§ **What needs to be done**: Return the data below in full and exactly, except that the pictures are dropped.
Data segment: Begin
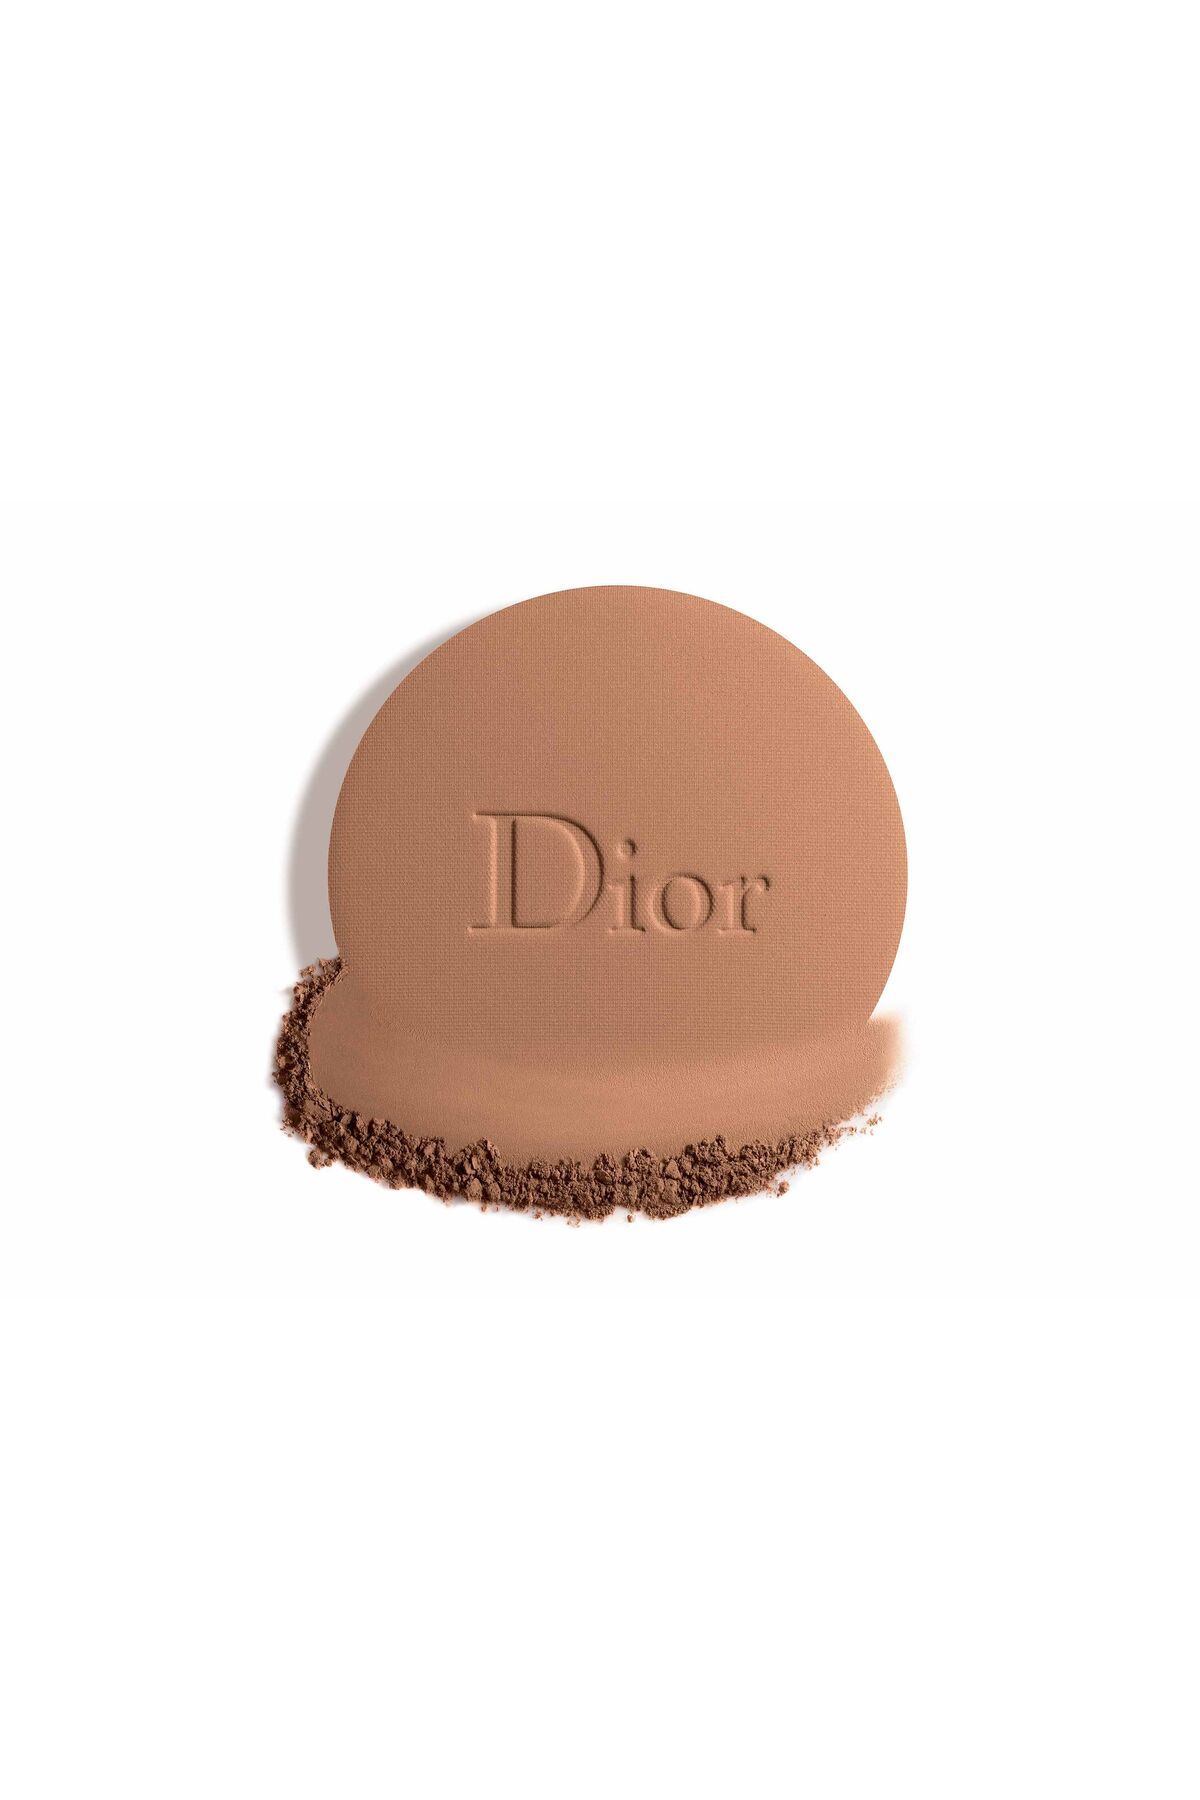 Dior پودر برنز طبیعی برای ماندگاری طولانی با رطوبت و درخشنده
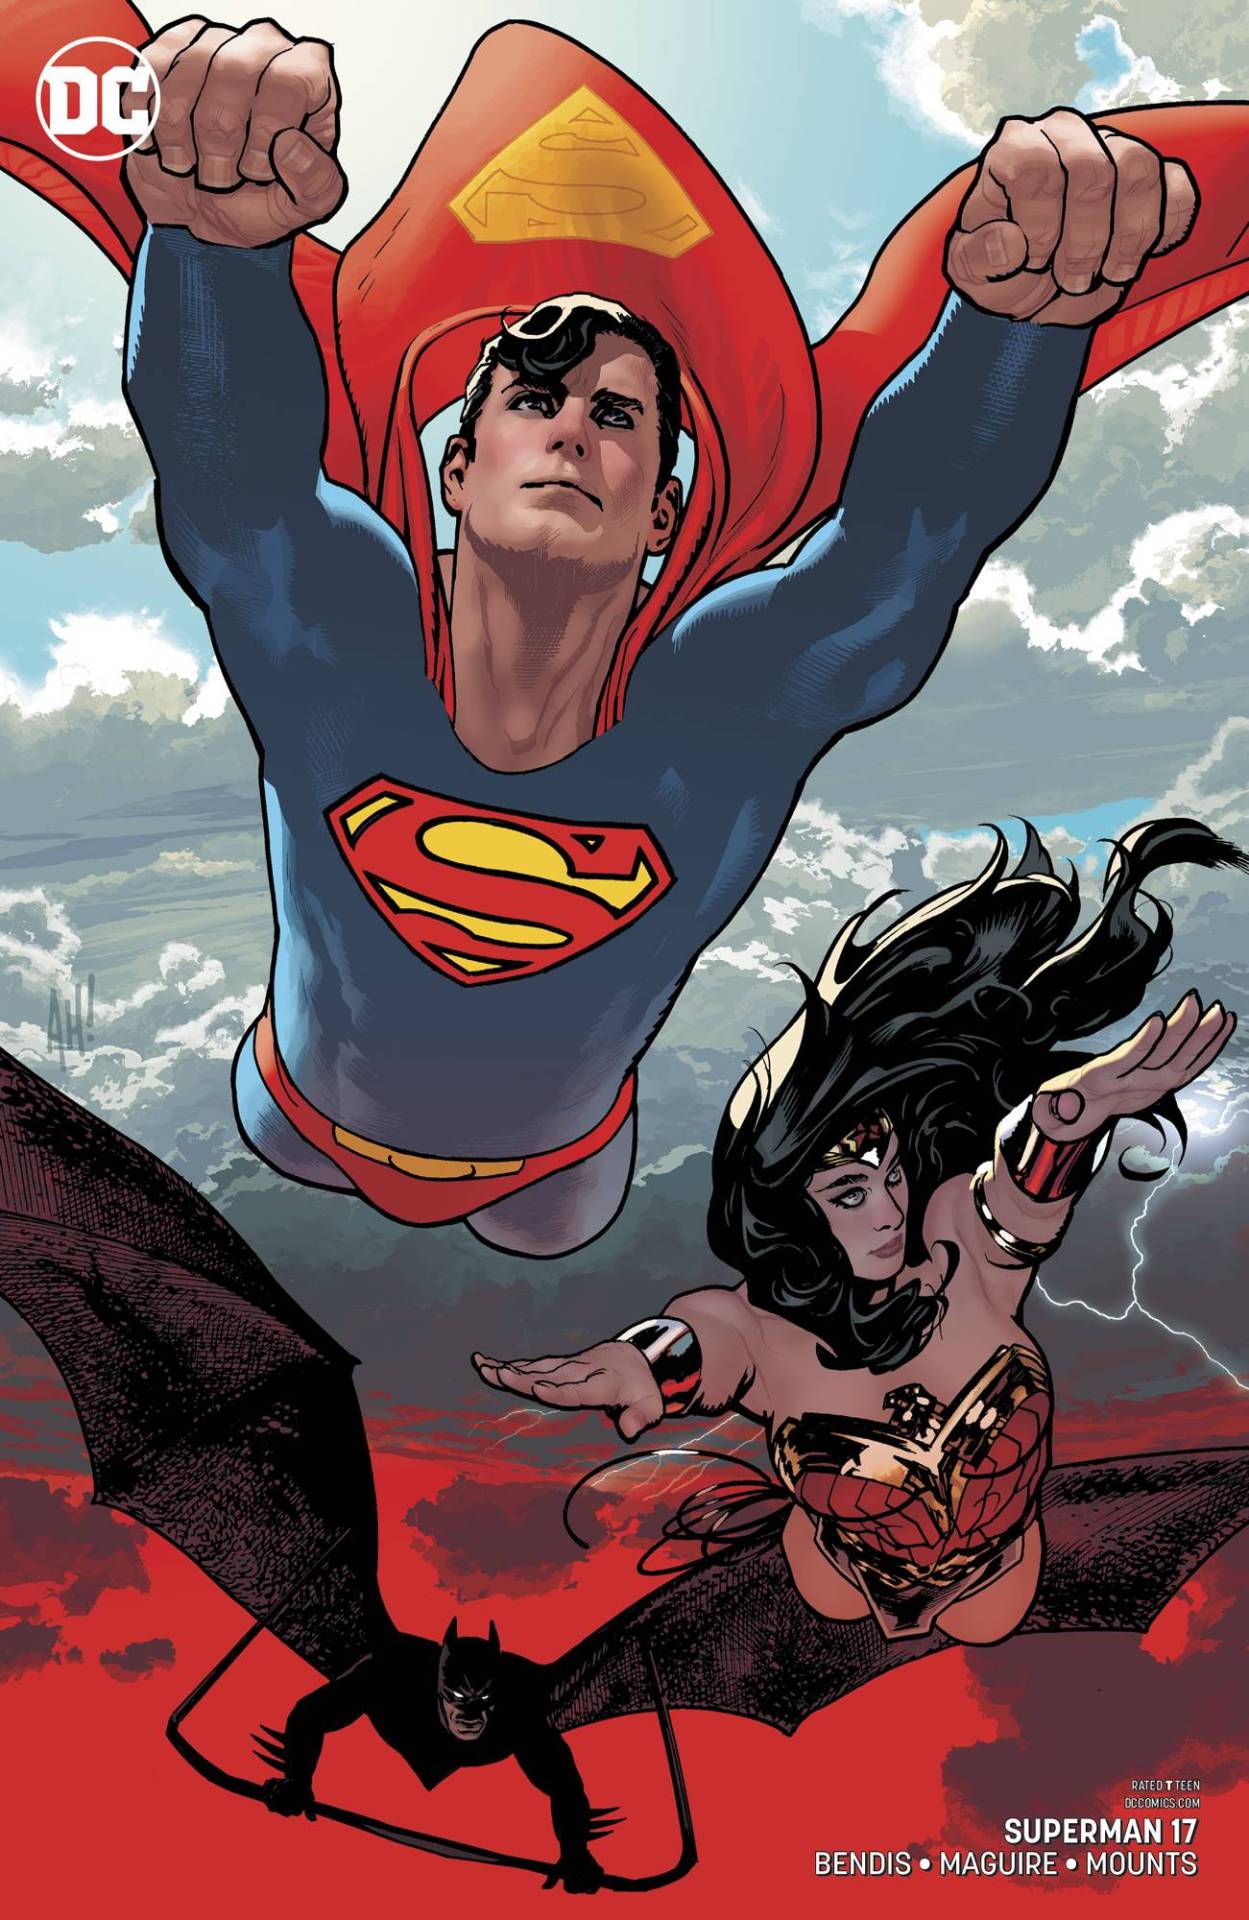 #superman#adam hughes#dc trinity#batman#wonder woman
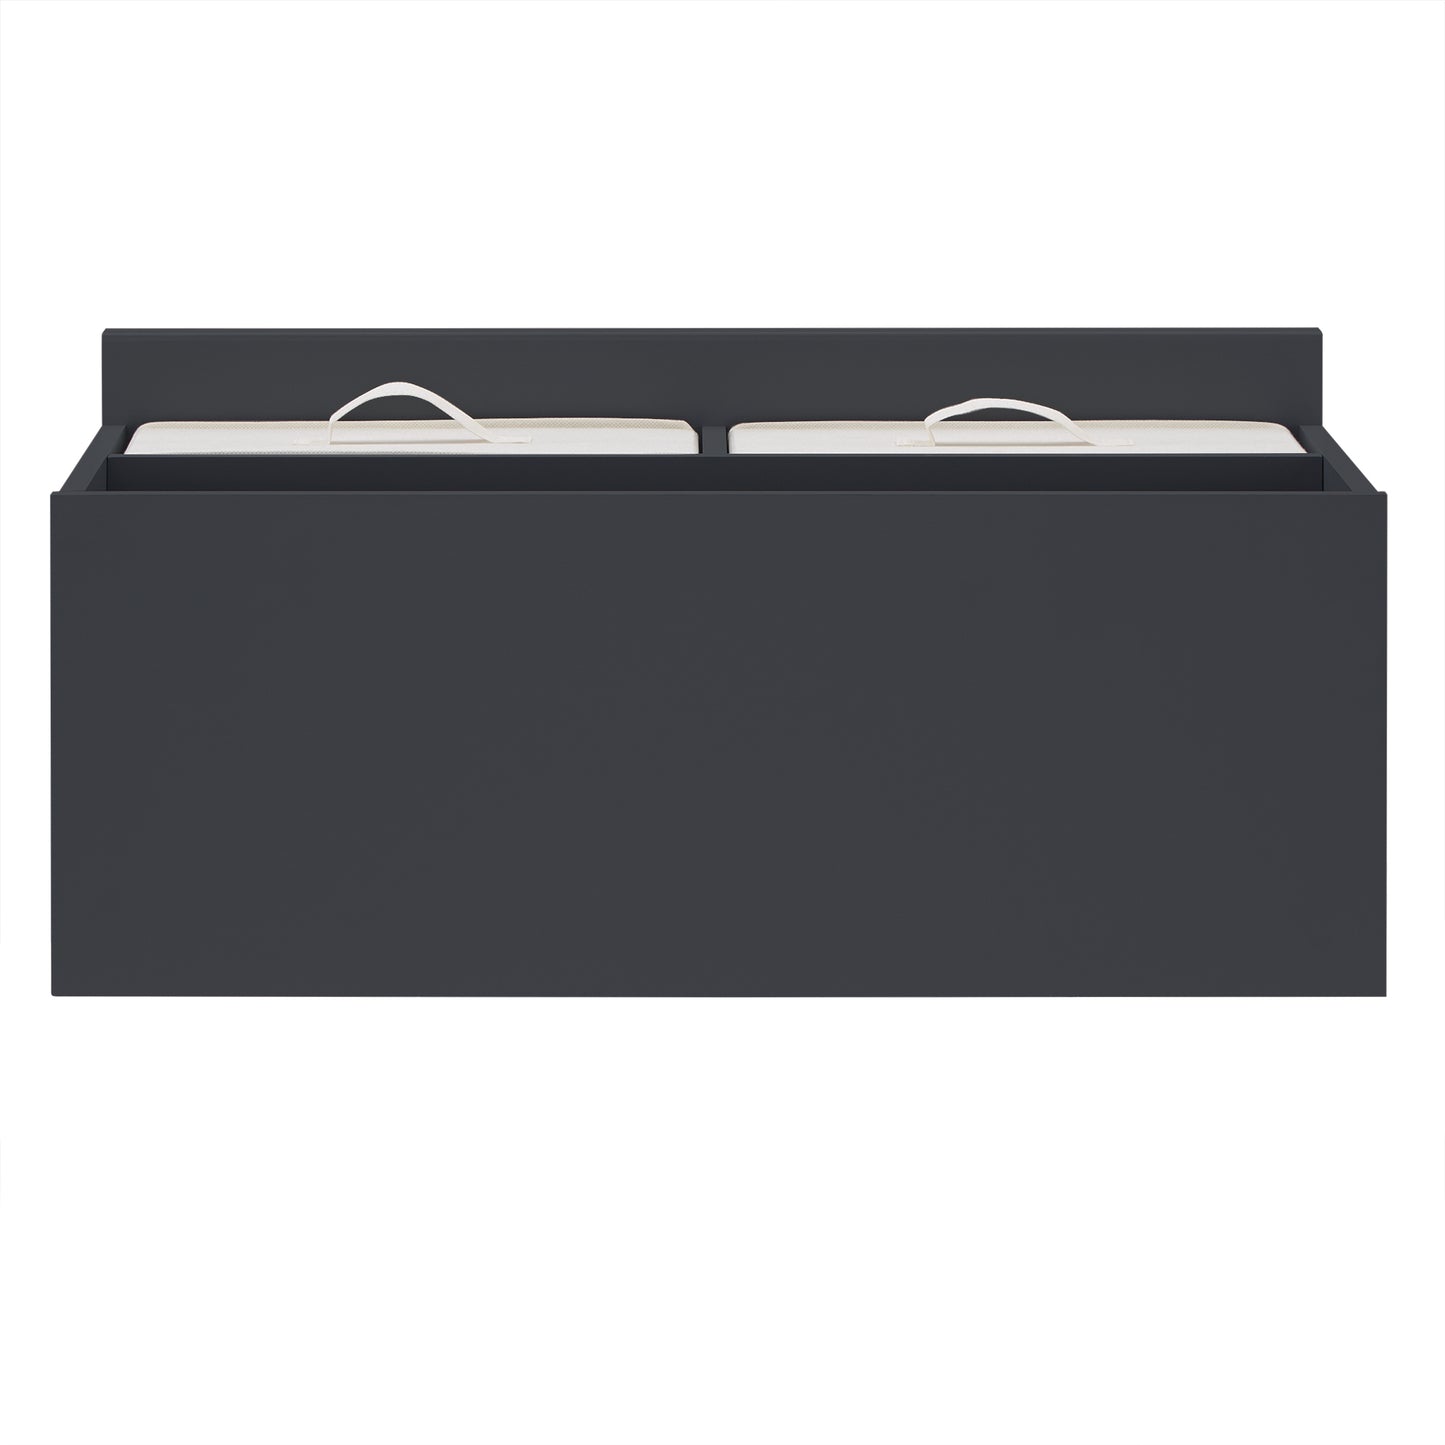 Modular Stacking Storage Bins - Charcoal Black, 1 Box with 2 Drawers
Data segment: End
§ **Exercise answer**:
 Dior پودر برنز طبیعی برای ماندگاری طولانی با رطوبت و درخشنده
 #superman#adam hughes#dc trinity#batman#wonder woman
 Modular Stacking Storage Bins - Charcoal Black, 1 Box with 2 Drawers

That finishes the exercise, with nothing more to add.